Nunca habría imaginado ser capaz de algo así. Un vagón de metro abarrotado, un misterioso desconocido atractivo y emprendedor, un trance de sensualidad y excitación y su polla deslizándose dentro de mí... Ese polvo en el metro ha sido la experiencia más loca de mi vida.

Un impulso sexual incontrolable me invadía

Un fuego parecía correr por mis mejillas. Mi corazón latía con fuerza, mi aliento se escapaba. Mirada fija en el suelo, chasquido de los tacones al ritmo de mis pasos en la calle donde se encendían las farolas. La ciudad estaba tranquila y normal, como de costumbre. Mi cuerpo, en cambio, parecía fuera de control. Algo salvaje me atravesaba, una avidez de placer. Subí las escaleras hasta mi apartamento, cerré la puerta con llave, tiré mi chaqueta y mis zapatos, me acosté en la cama. Un momento para mirar el techo, analizar esa pulsación en mi vientre. Y luego, a la mierda, lo necesitaba demasiado. Agarré el satisfyer, me bajé los jeans y las bragas, me tapé con el edredón. Mi coño ya estaba empapado. Las pulsaciones aéreas envolvieron mi clítoris, la concupiscencia se intensificó. Repensé en lo que acababa de suceder y me corrí en unos segundos, sin poder ahogar un grito.

La vergüenza me asaltó una vez apagado el fuego, al menos por el momento. Debería haberme sentido sucia, enojada, protestar de alguna manera. Y sin embargo, la experiencia había despertado algo insaciable que ignoraba existir en mí. No inmediatamente. Los primeros segundos, me quedé helada. En el metro abarrotado, un cuerpo contra el mío. Un hombre se había pegado a mi espalda durante un frenazo un poco brusco. Era alto, un cuerpo sólido y firme.

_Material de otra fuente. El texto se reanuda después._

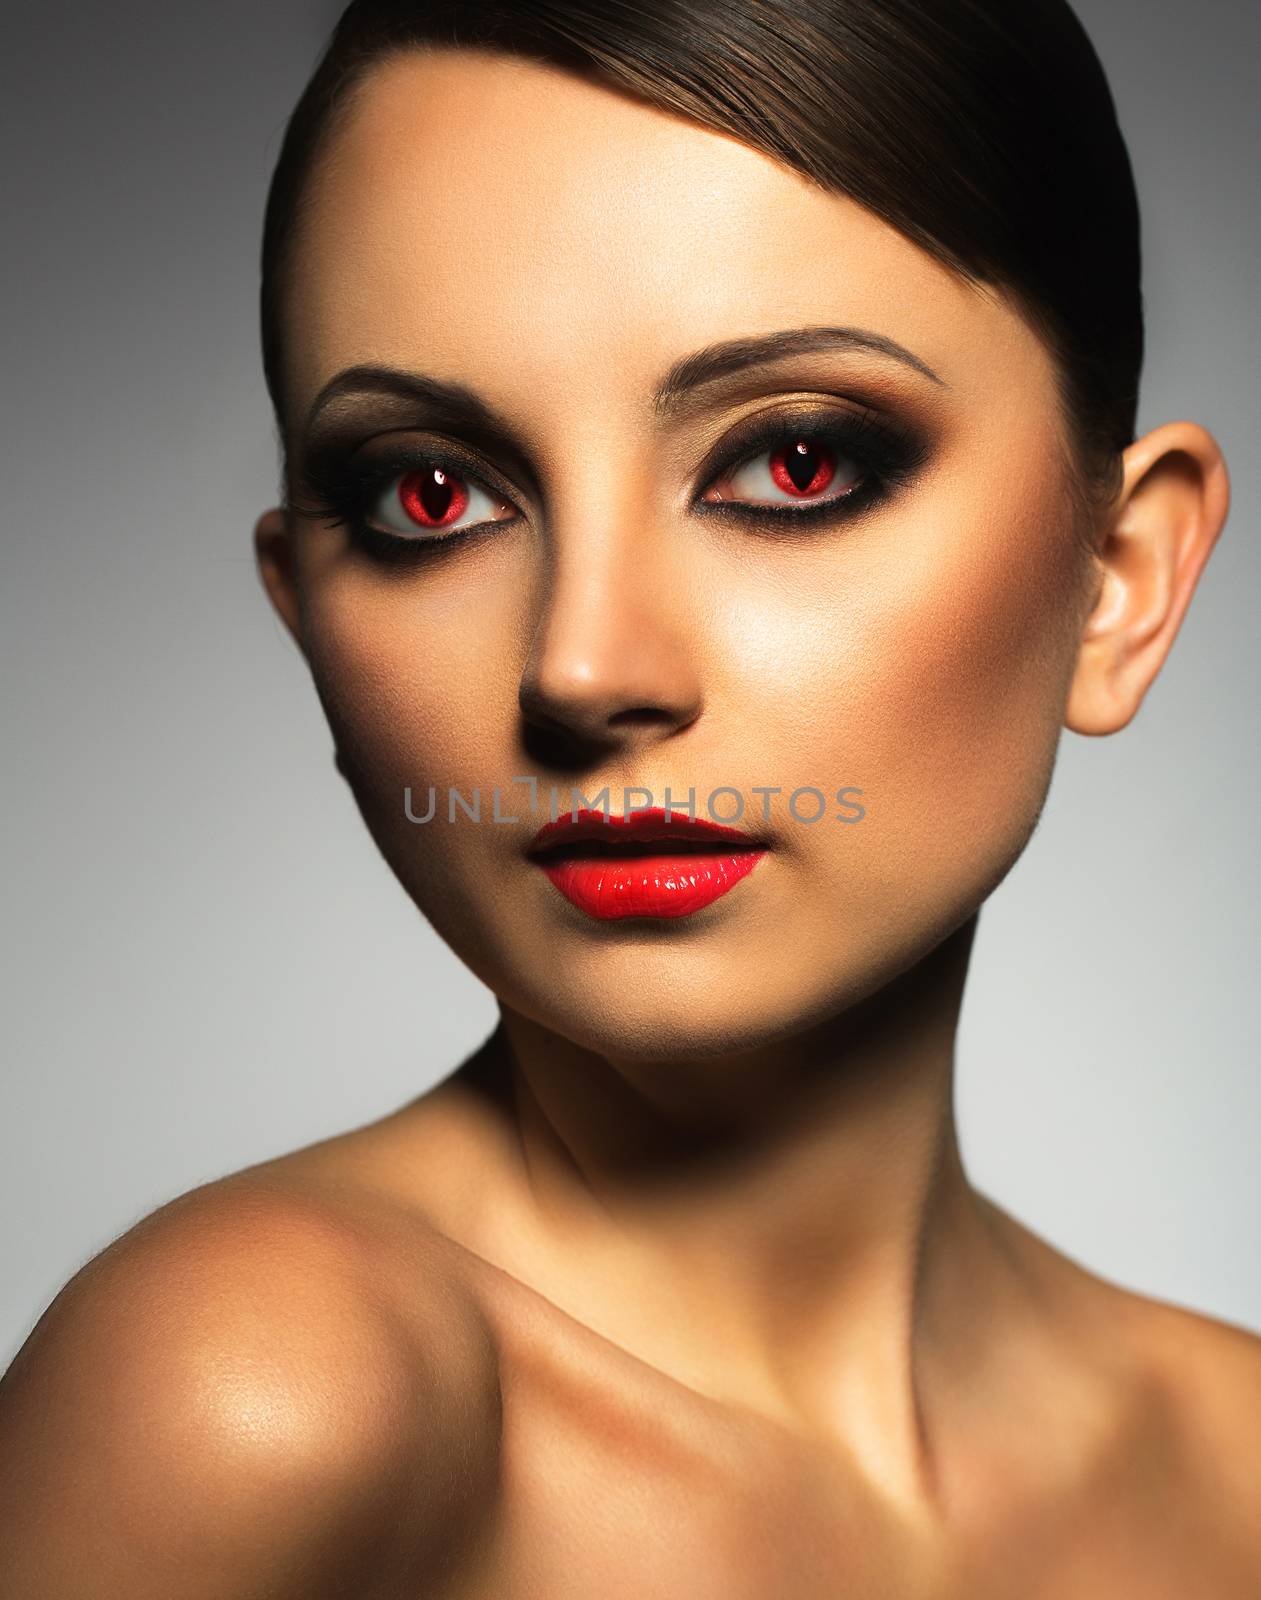 Portrait of a beautiful young woman vampire with a glamorous retro makeup

Un hombre se había pegado a mi espalda y se había quedado allí. Sin hacer nada, envolviéndome solo con su torso y su olor. Perfume de almizcle, aroma de buen gusto, embriagador sin ser demasiado fuerte. Su suéter parecía suave, su cuerpo desprendía una tibieza acogedora. No sé por qué, no me aparté.

Me gustó ese contacto con un frotteur desconocido

Al contrario. Un impulso me empujó a intensificar el abrazo, sutilmente. Una ligera presión de mi culo contra su entrepierna, como si yo también hubiera sido sorprendida por un bache. Lo sentí reaccionar, su polla endureciéndose contra mis nalgas. Fue en ese momento cuando mis mejillas comenzaron a enrojecerse. Estaba convencida de que todo el vagón nos miraba, solo veía su pene erecto presionado contra mis jeans. Estarían indignados, listos para burlarse o escandalizarse. Esperaba abucheos, insultos, un escándalo. Me tomó un coraje infinito levantar la vista. Bosques de rostros cansados, pantallas, páginas de libros, auriculares, pupilas perdidas en el vacío, animadas solo por el deseo de llegar a casa. A nadie le importaba su erección y la humedad que invadía mis bragas. Nadie prestaba atención a lo que estaba sucediendo en nuestra esquina, así que me envalentoné. Todavía muy suavemente, moví las caderas, sentí su polla tensa contra la tela de mis pantalones. Duró unos minutos, movimientos suaves, casi imperceptibles. No me reconocía, no era yo, esa chica que se frotaba contra un desconocido al volver del trabajo. Y sin embargo, era delicioso, como un trance erótico. En mi estación, me sobresalté y me precipité fuera del vagón, llena de vergüenza y excitación. No había visto su rostro, él no había visto el mío. Ni una sola palabra intercambiada. Ni el más mínimo preludio, la más mínima interacción. Solo dos cuerpos que se encuentran. ¿Y si era un gran pervertido, un asqueroso frotador? Esa era la reacción lógica, la que mi razón me gritaba que eligiera. Y sin embargo, mi cuerpo me decía lo contrario y mi deseo gritaba aún más fuerte. ¿Estaba descubriendo una nueva fantasía? Me había corrido tan rápido y tan fuerte al salir de ese metro que estaba lista para perseguirlo, para repetirlo.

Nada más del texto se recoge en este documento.